A class library for operations on finite fields (a.k.a. Galois fields) which I find useful in my line of work. PyniteFields is implemented in Python 3.
PyniteFields is meant to be fairly intuitive and easy to use. It's inspired by some of the ideas in the Mathematica FiniteFields package.
You can install PyniteFields as follows:
python3 setup.py install
More comprehensive documentation for PyniteFields can be generated via Sphinx by running
make html
(or whatever your preferred documentation format) from the doc directory.
All operations are done with a single object of the class GaloisField.
You can create a field with prime order like so (using order 5):
from pynitefields import *
gf = GaloisField(5)
To create a field with power of prime order you'll need 3 things:
- A base prime p,
- An exponent n such that the field has order pn,
- Coefficients for a primitive, irreducible polynomial with degree n.
For example, suppose we want to create the field GF(8). We know the irreducible polynomial 1 + x + x3, so we put it's coefficients into a list: [1, 1, 0, 1]. The ith entry in the list corresponds to the coefficient attached to the ith power of the primitive element x.
To create the prime power field (using 8 as our example) we feed it the prime, exponent and coefficients in order:
gf = GaloisField(2, 3, [1, 1, 0, 1])
All subsequent operations can be achieved using the object gf which we have created.
We can grab the ith power of the primitive element using the [] operator:
gf[0] # Returns the first element (i.e. 0)
gf[2] # Returns the element x^2
gf[p^n - 1] # Returns the last element of the field
Field elements are stored as lists of coefficients in the polynomial basis. For primes this is very simple - the polynomial basis is just 1, so we store the elements themselves in a single item list.
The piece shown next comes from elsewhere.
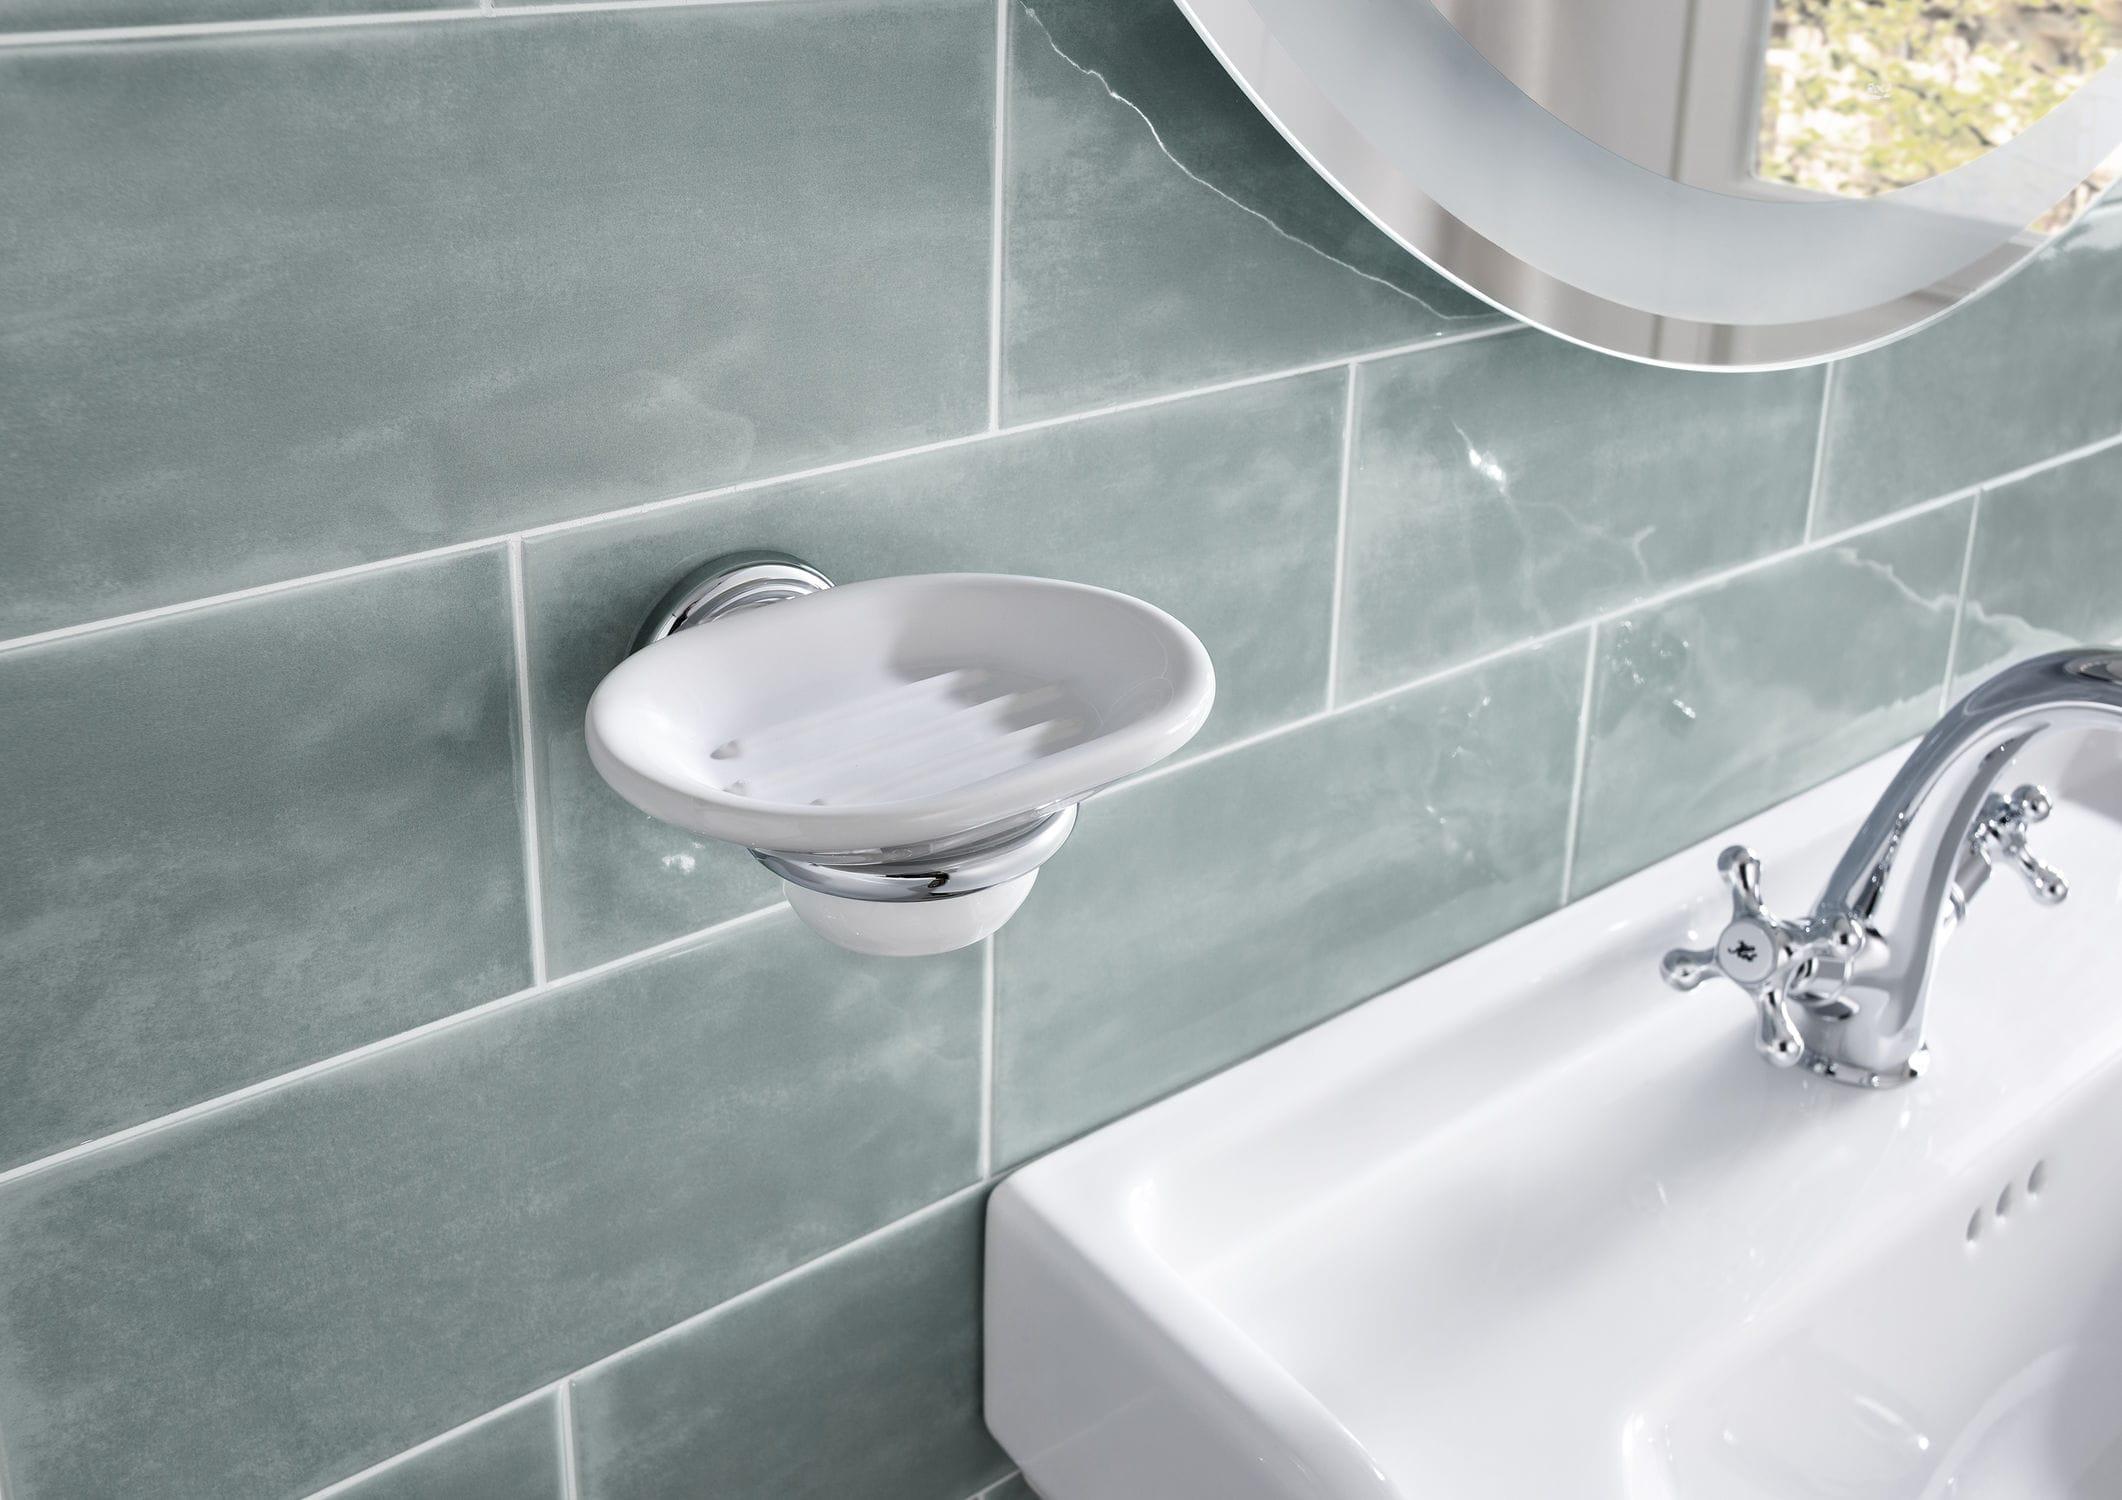 Vasca Da Bagno Roca Prezzi : Portasapone da parete in metallo in ceramica carmen roca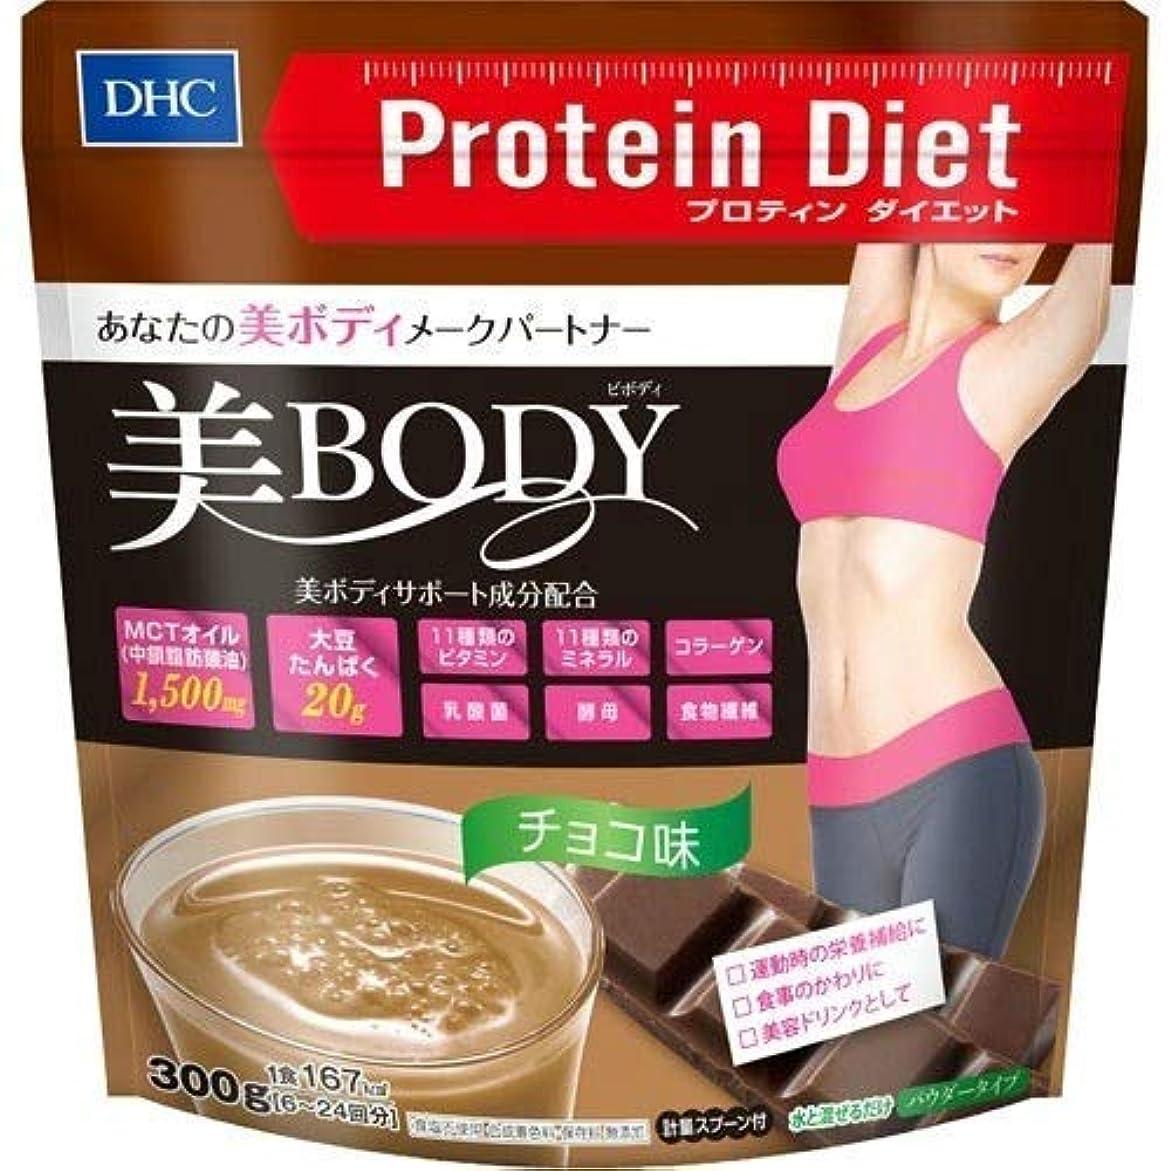 チャーミングリレー見えないDHC プロテインダイエット 美Body チョコ味 300g×2個

For power of primes, let's go back to our example of dimension 8. Element x3 can be expressed as 1 + x, so it is stored as the list [1, 1, 0].
We can perform all four arithmetic operations on field elements, and take their powers and inverses:
gf[3] + gf[5]
gf[2] - gf[7]
gf[4] * gf[1]
gf[1] / gf[6]
pow(gf[4], 3)
inv(gf[2])
Note that by convention, we take the 0'th power of the primitive element to be 0.
We can also take the trace, which is quite a useful operation:
gf[2].tr()
tr(gf[2]) # Same as above, but more convenient to write
============================================================= Some more complicated functionality...
It is possible to convert the field such that all the elements are expanded in terms of a self-dual basis rather than the polynomial basis. For example, suppose we are working in GF(4). The elements x and x2 comprise a self-dual basis. To convert the field we can do
gf = GaloisField(2, 2, [1, 1, 1])
gf.to_sdb([1, 2])
Currenty, the program does not compute a self-dual basis for you - you will have to provide one yourself. Here, to_sdb() takes as an argument a list of powers of the primitive element which make up the self-dual basis. For more examples, see the table below.
PyniteFields can evaluate functions, or curves, over field elements. Suppose you have some function
b(a) = x2 + x3 a + x5 a 3
which you would like to evaluate on the field element x6 over GF(8). One can use the evaluate() function of the field and provide information about the coefficients of the curve.
gf = GaloisField(2, 3, [1, 1, 0, 1])
curve = [gf[2], gf[3], 0, gf[5]]
gf.evaluate(curve, gf[6]) # Should result in gf[2]
In general, for a curve b(a) = c0 + c1 a + ... + ck ak, we should feed evaluate a curve which has list form
curve = [c_0, c_1, ..., c_k].
For coefficients which are essentially integers, you can simply put the integer rather
than specifying it as a field element (e.g. [f[1], f[2], 2]).
=============================================================================
Some functionality which has yet to be implemented is:
- Finding the self-dual basis (when possible)
- to_poly(), the companion to to_sdb(), which will switch you back to the polynomial basis.
- Matrix representations of finite field elements.
============================================================================= Below are some commonly used irreducible polynomials, and corresponding self-dual normal bases (where applicable):
| Dimension | Polynomial | Self-dual basis |
|---|---|---|
| 4 | [1, 1, 1] | [1, 2] |
| 8 | [1, 1, 0, 1] | [3, 5, 6] |
| 8 | [1, 0, 1, 1] | [1, 2, 4] |
| 9 | [2, 1, 1] | No s.d. normal basis |
| 9 | [2, 2, 1] | No s.d. normal basis |
| 16 | [1, 1, 0, 0, 1] | [3, 7, 12, 13] |
| 27 | [1, 2, 0, 1] | No s.d. normal basis |
| 32 | [1, 0, 1, 0, 0, 1] | [3, 5, 11, 22, 24] |
| 256 | [1, 0, 1, 1, 1, 0, 0, 0, 1] | [5, 18, 30, 44, 106, 135, 147, 249] (Thanks Markus!) |
=============================================================================